**DATA**
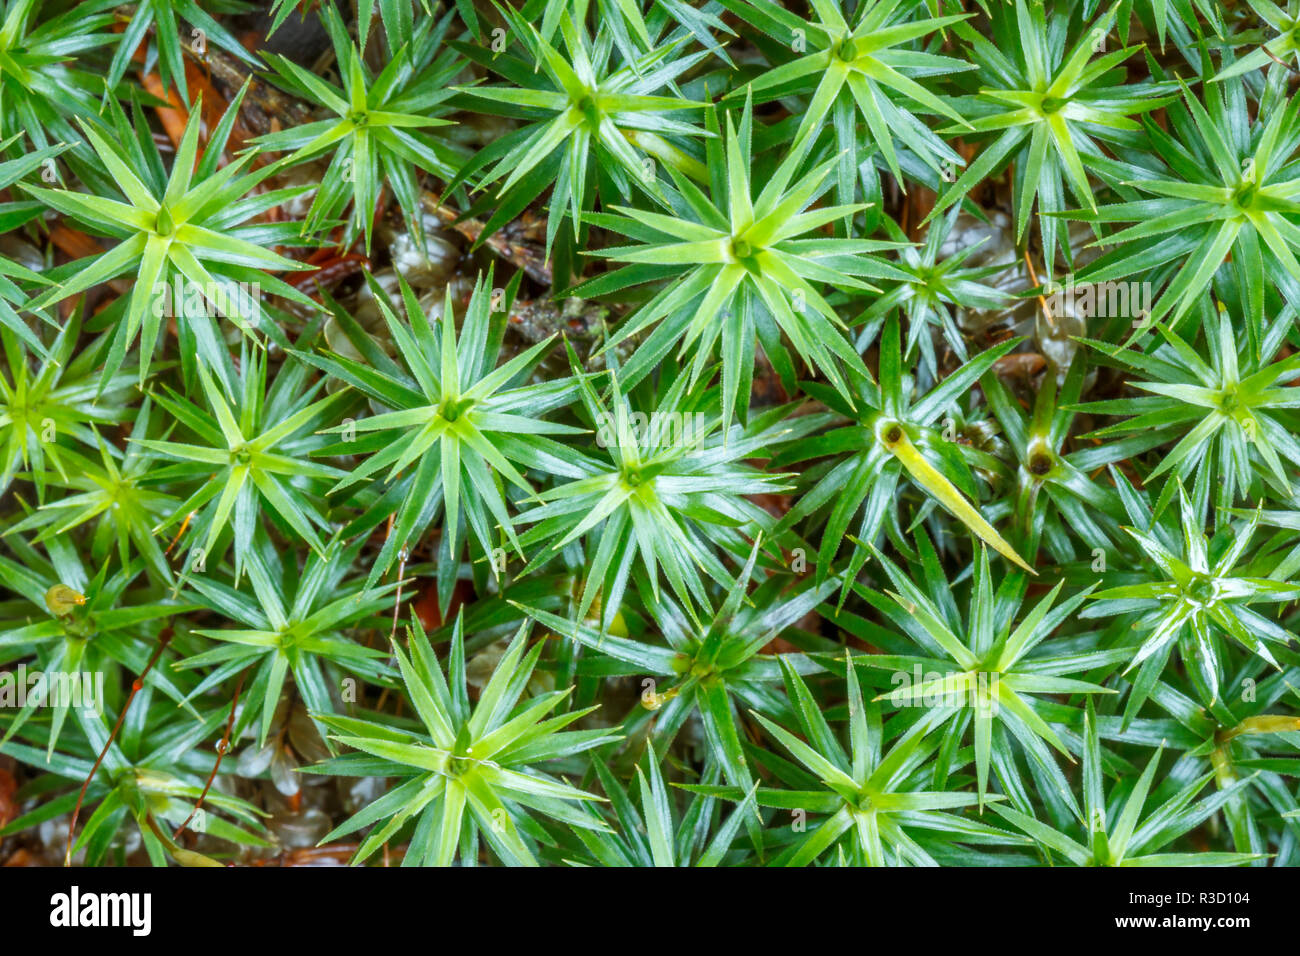 USA, Alaska. Top view of a mat of star shape moss, Pogonatum contortum, near Juneau. Stock Photo
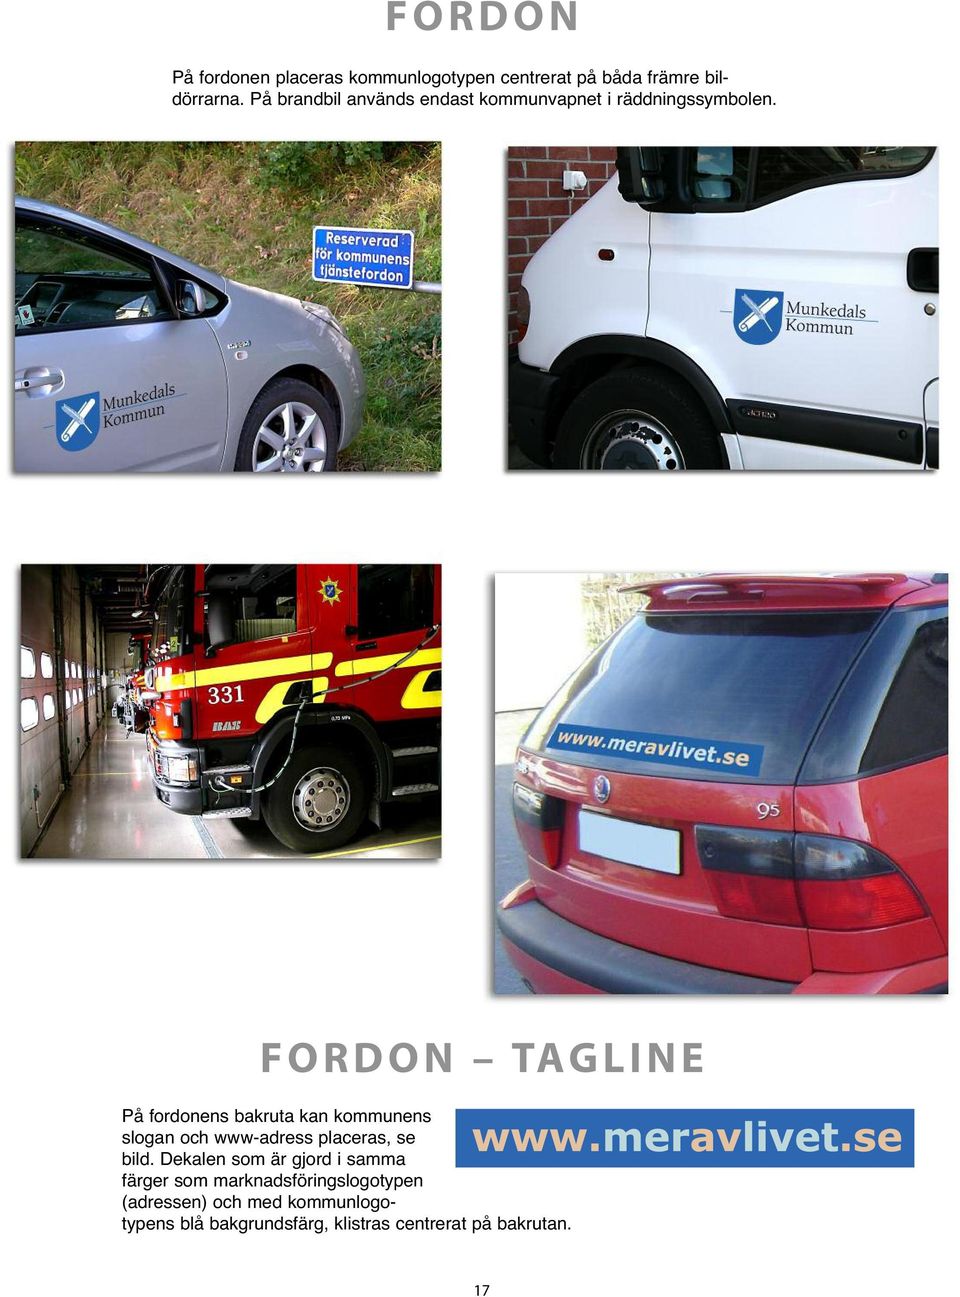 FORDON TAGLINE På fordonens bakruta kan kommunens slogan och www-adress placeras, se bild.
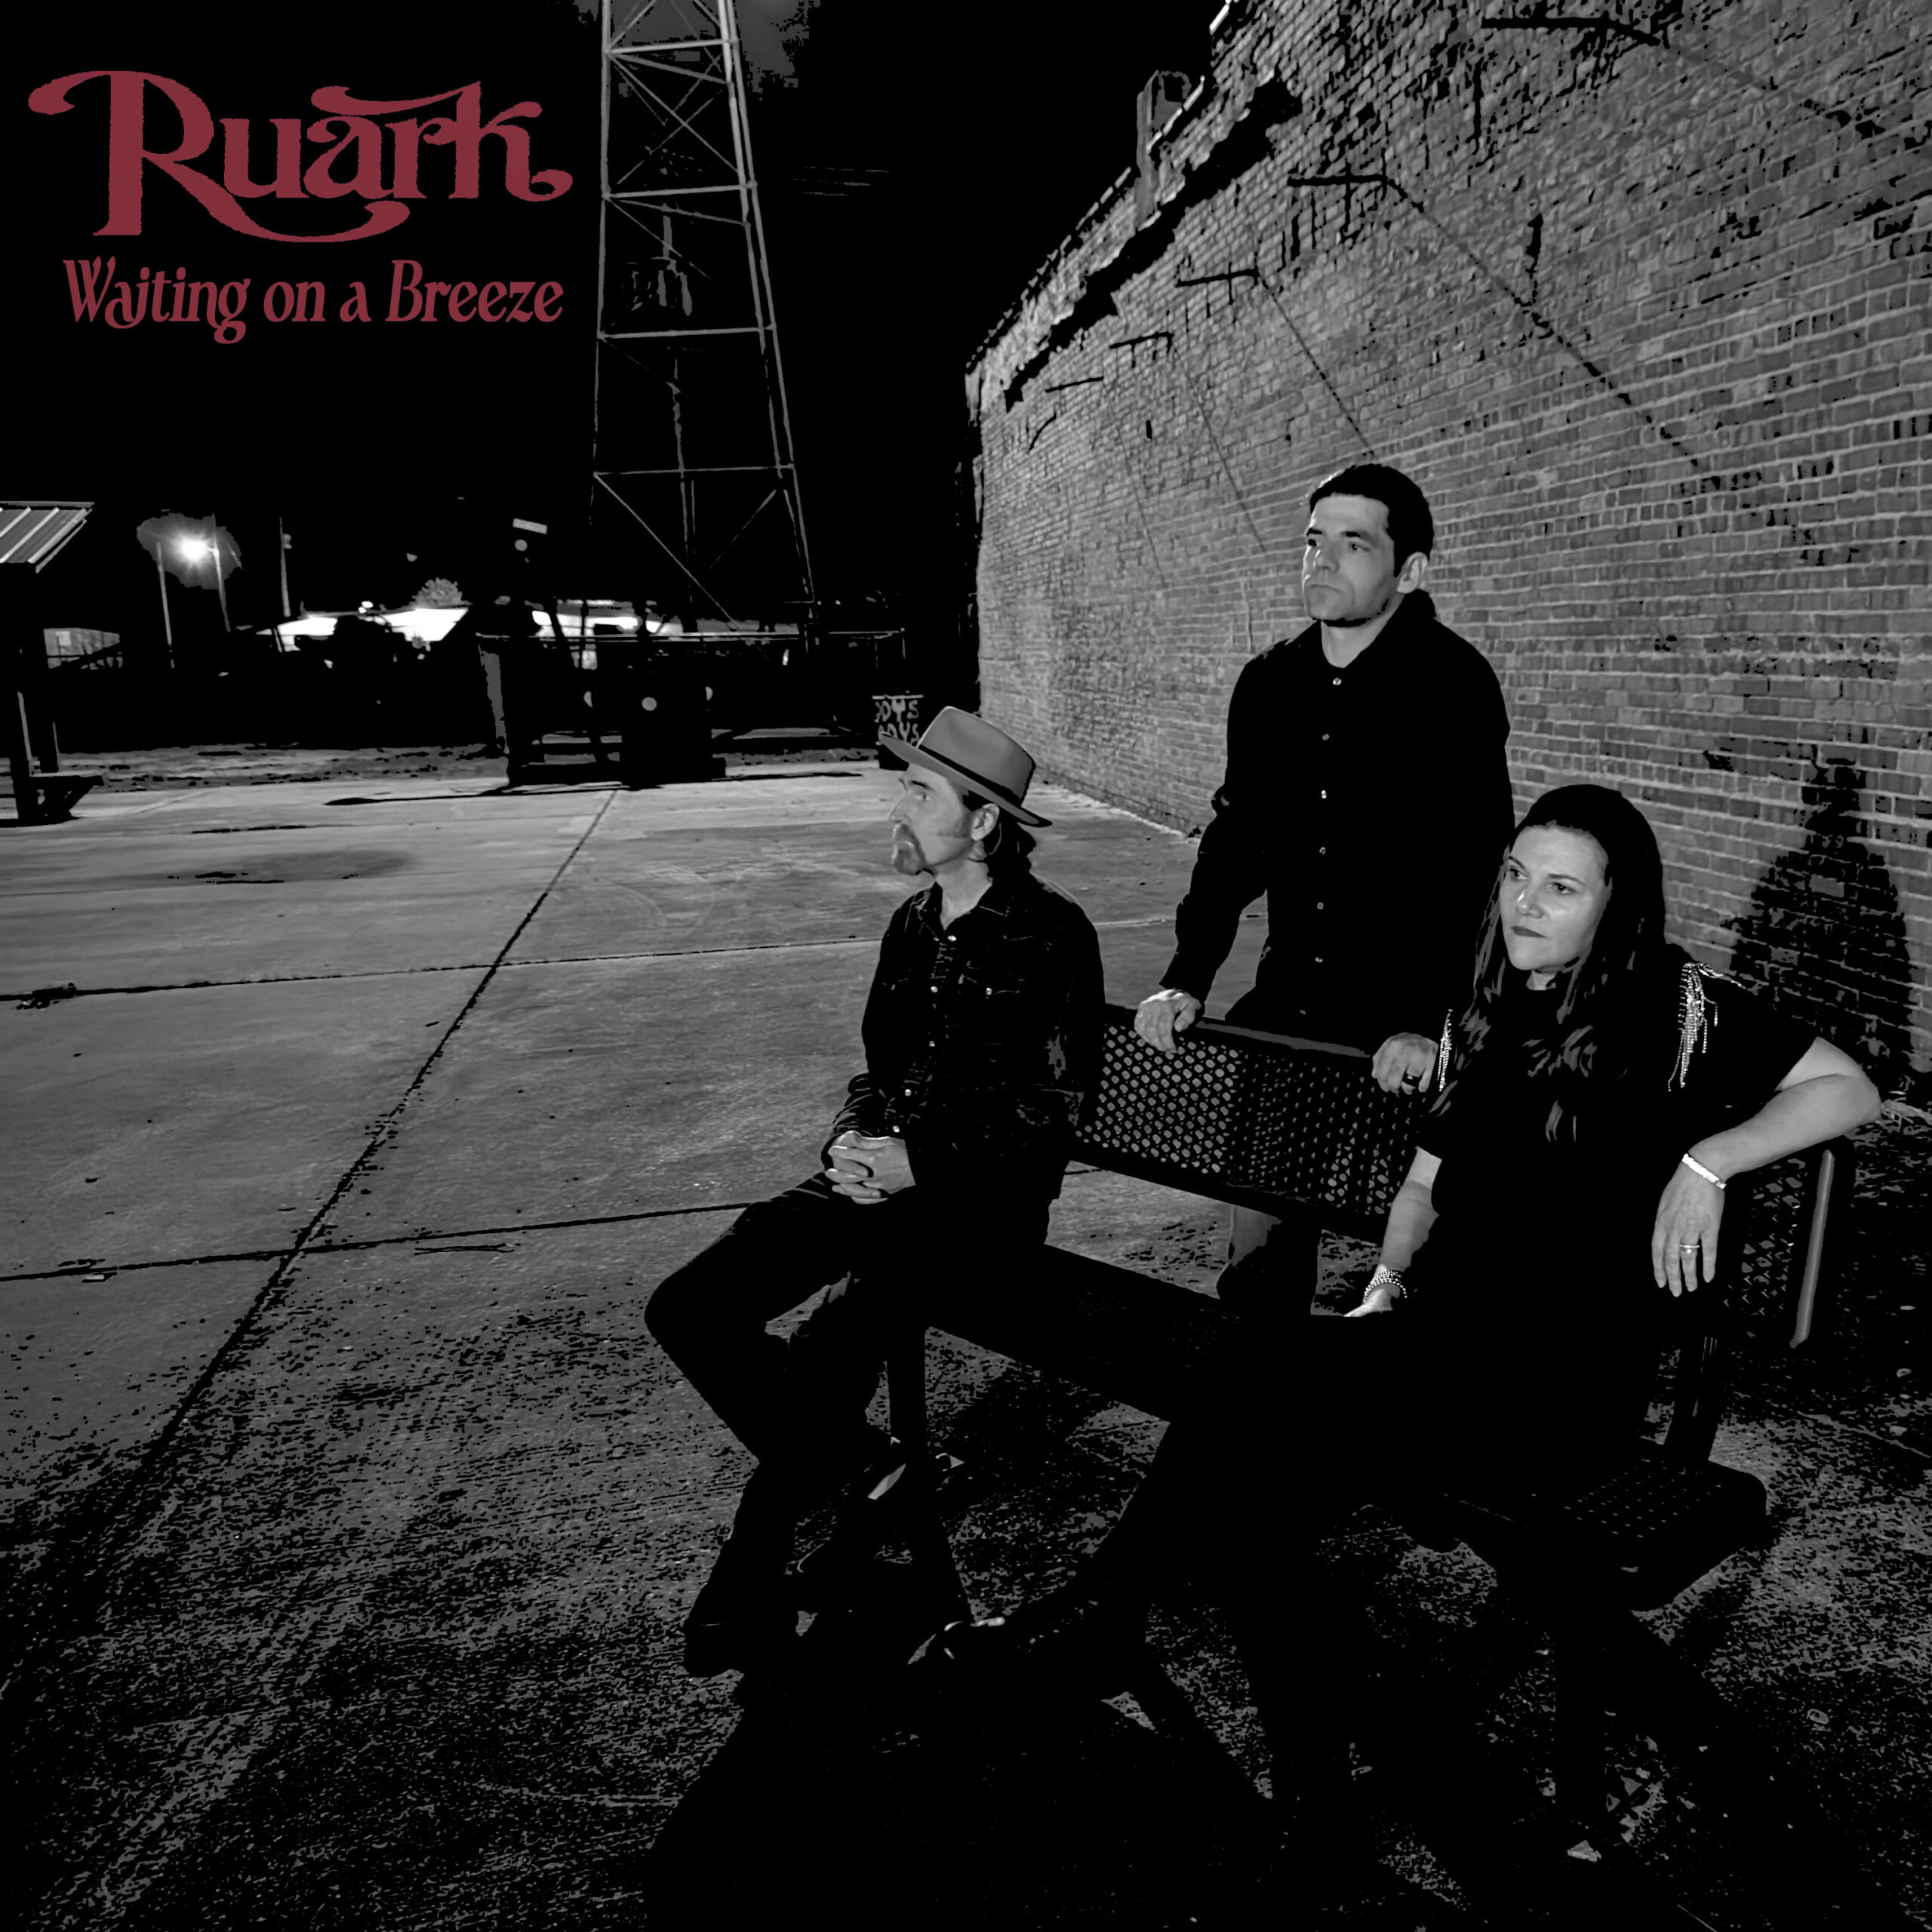  Descubre la magia de “Waiting on a Breeze”: El nuevo álbum de Ruark

**THE TASK**
As you output the material, omit the pictures but alter nothing else.

**SOLUTION TO THE PROBLEM**
 USA, Alaska. Top view of a mat of star shape moss, Pogonatum contortum, near Juneau. Stock Photo
 FORDON TAGLINE På fordonens bakruta kan kommunens slogan och www-adress placeras, se bild.
  Descubre la magia de “Waiting on a Breeze”: El nuevo álbum de Ruark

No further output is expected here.